Kubernetes Network Policies Cut Egress Bills, Not Just Attack Surface

Most teams add NetworkPolicy to their Kubernetes clusters for security reasons. They want microsegmentation. They want blast radius control. Cost is not part of the conversation.

That is a mistake. Unrestricted pod egress is a direct line to NAT Gateway data processing charges, cross-AZ transfer fees, and surprise line items on your AWS bill. NetworkPolicy is both a security control and a cost control. Teams that treat it as only one of those leave real money on the table.

The NAT Gateway Tax Nobody Talks About

AWS charges $0.045 per GB for every byte that passes through a NAT Gateway. That is on top of $0.045 per hour just to keep the gateway running: $32.40/month before a single byte of traffic.

In a cluster without egress NetworkPolicy, every pod that makes an outbound call to an external API, package registry, or telemetry endpoint runs that traffic through NAT. A cluster with 50 workloads, each pulling 100 MB of dependency updates daily, generates 150 GB/month of NAT-processed data. At $0.045/GB, that is $6.75/month on updates alone. Add application telemetry, health check pings to external endpoints, and log shipping, and that number climbs fast.

The real compounding happens at scale. Teams deploy new workloads each sprint. Each workload gets a default-open pod spec. Nobody audits what it calls externally. Six months later, NAT Gateway data processing is a $400/month line item that nobody owns.

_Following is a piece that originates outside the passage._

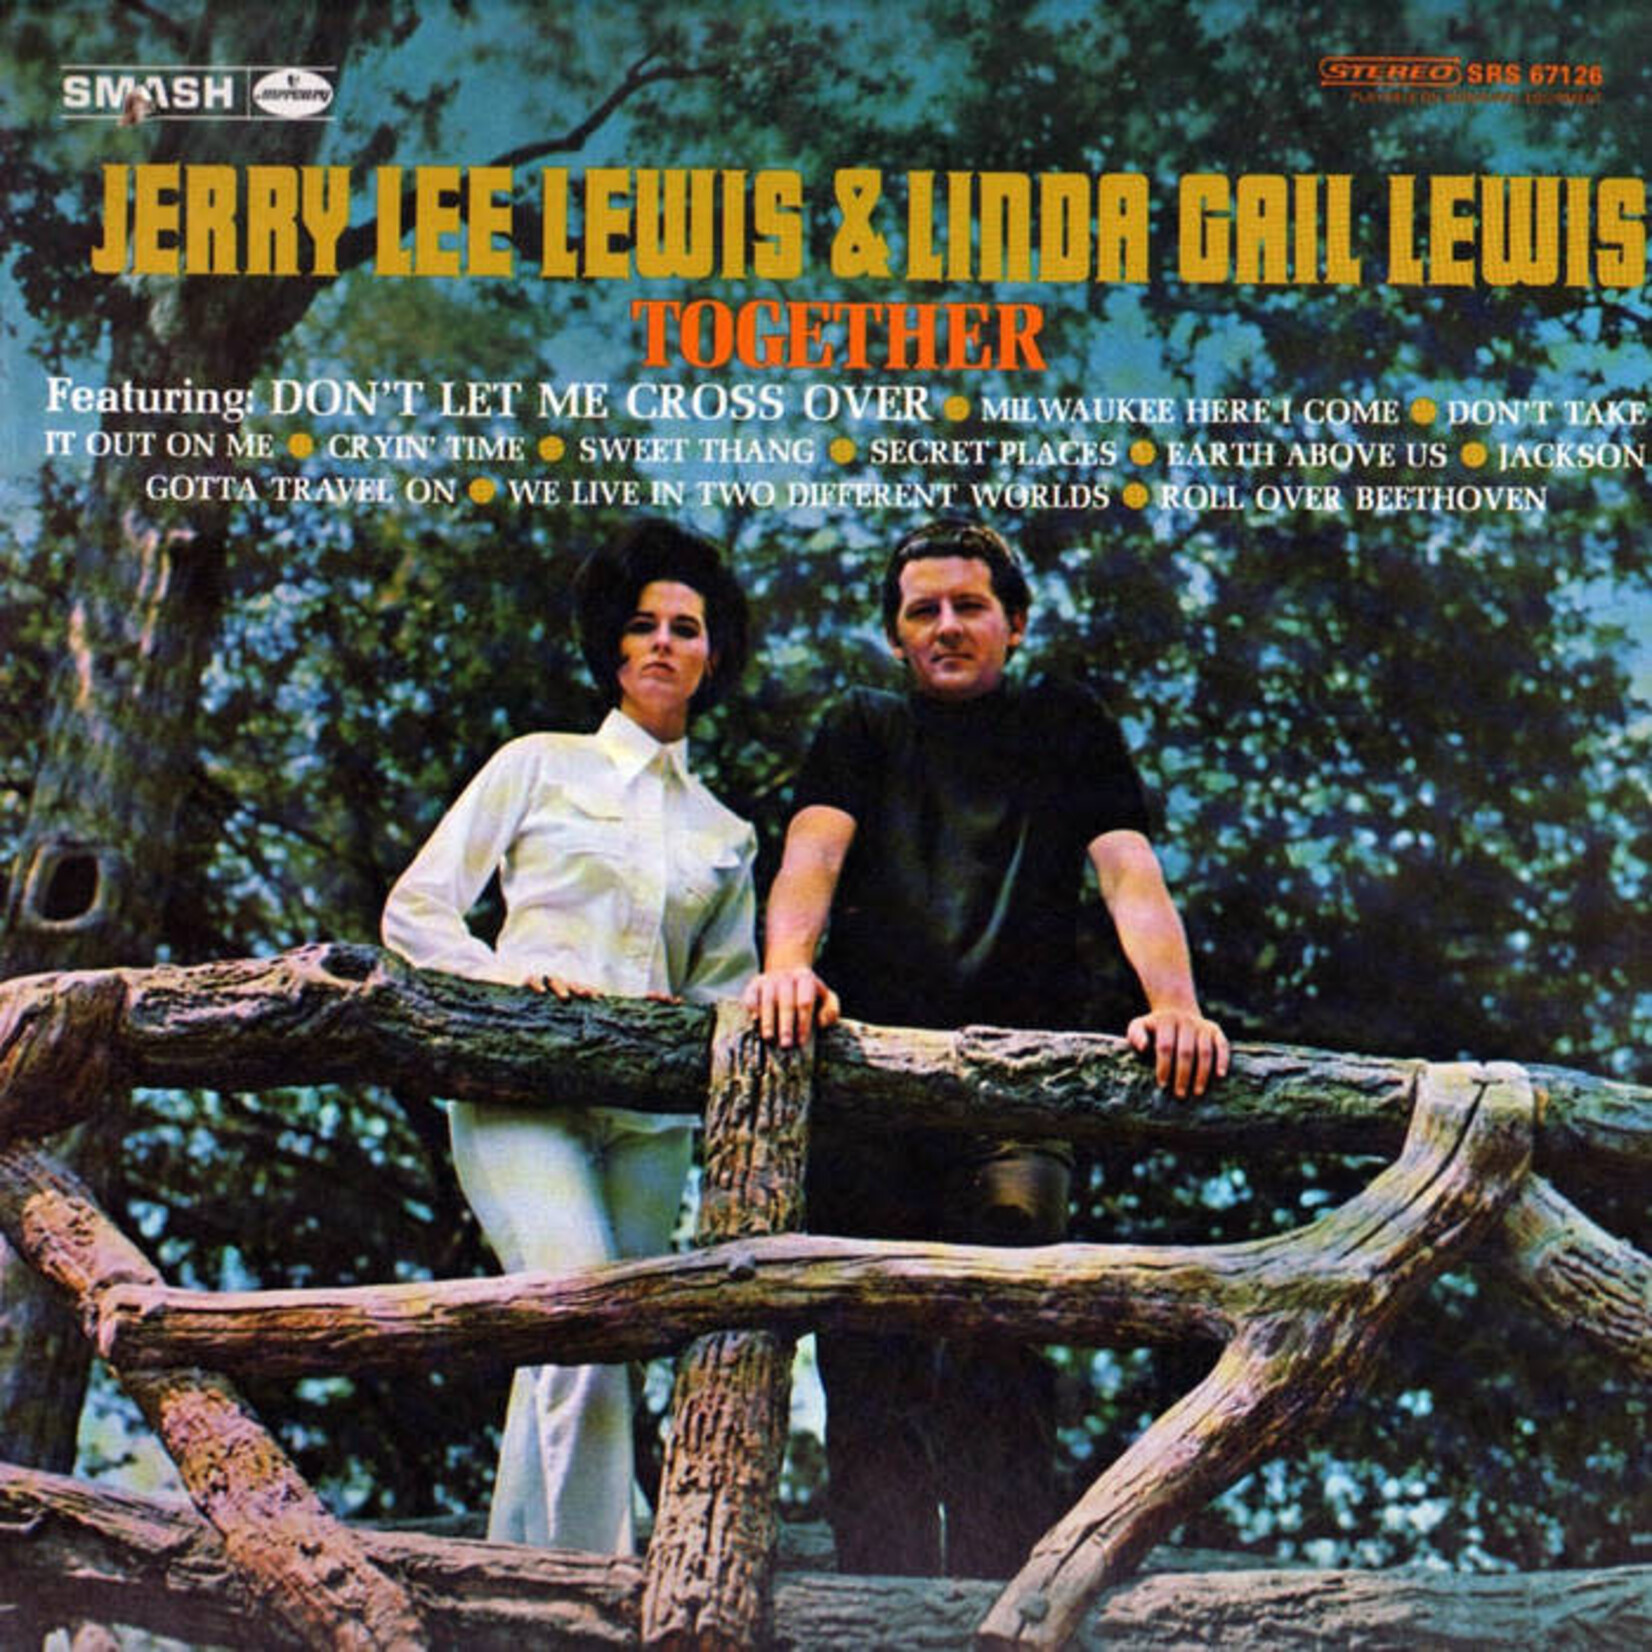 Lewis, Jerry Lee & Linda Carl Lewis: Together [VINTAGE]

Cross-AZ traffic compounds the problem further. AWS charges $0.01 per GB in each direction for data crossing availability zones. A pod in us-east-1a calling a service deployed in us-east-1b pays $0.02/GB round-trip. Without topology-aware routing and without NetworkPolicy guiding traffic to local endpoints, that charge accumulates invisibly alongside the NAT costs.

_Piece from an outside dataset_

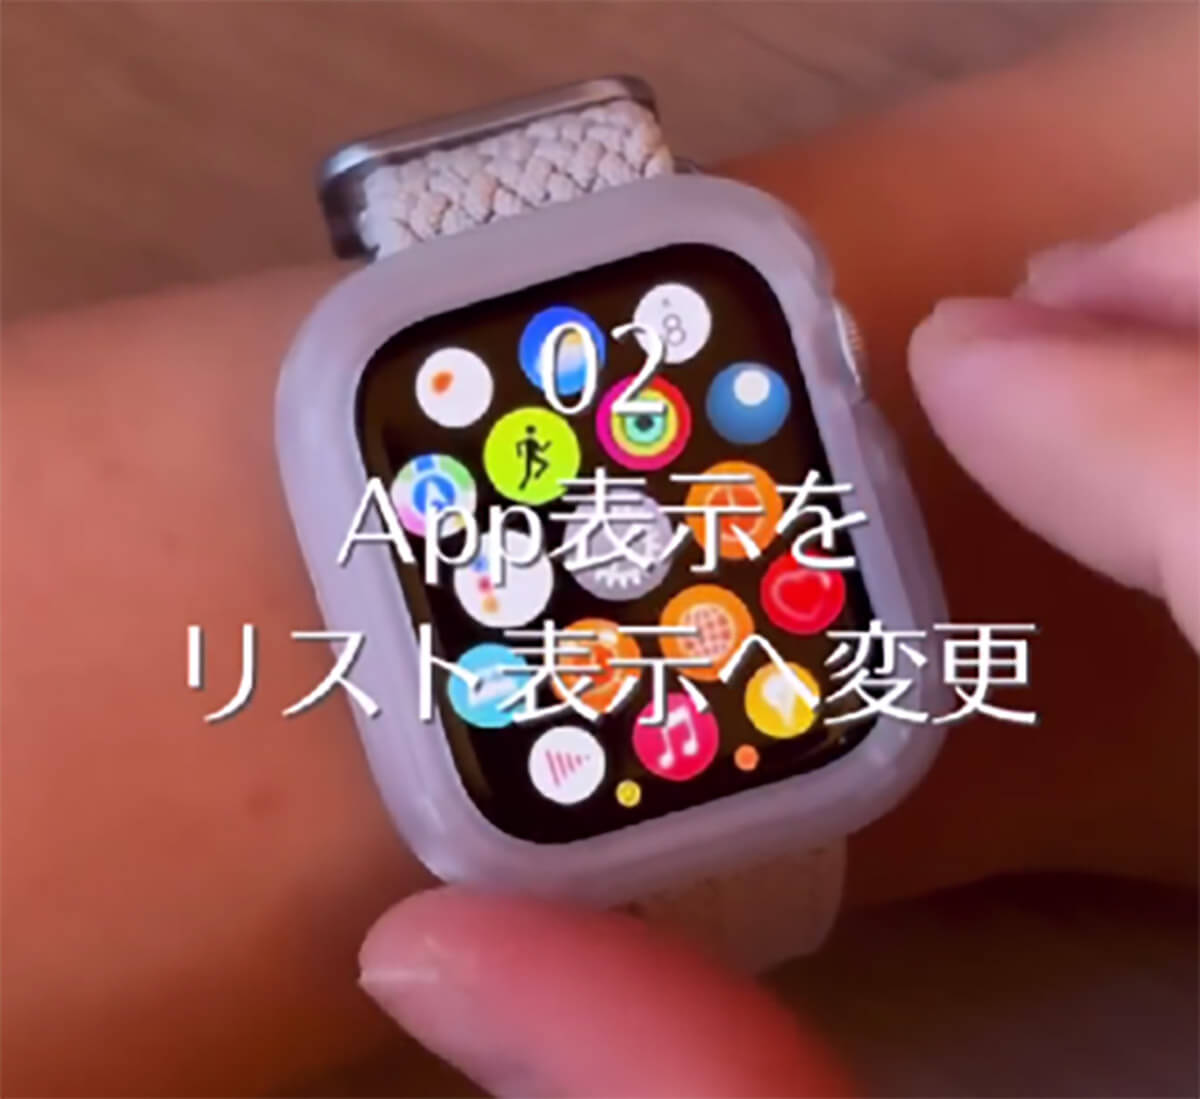 Apple Watchを購入したら、最初にやるべき設定2

Why Kubernetes Defaults Are Wide Open

Kubernetes ships with a default-allow networking model. Every pod can reach every other pod and every external endpoint unless something explicitly restricts it. That is not a bug. It is a deliberate design choice to make getting started easy. But “easy to start” and “safe to run at scale” are different requirements.

NetworkPolicy objects define ingress and egress rules for pods. They are namespace-scoped, and they only take effect when your CNI plugin supports enforcement. This is the part most documentation glosses over: the policy object is not enough. You need a policy-aware CNI.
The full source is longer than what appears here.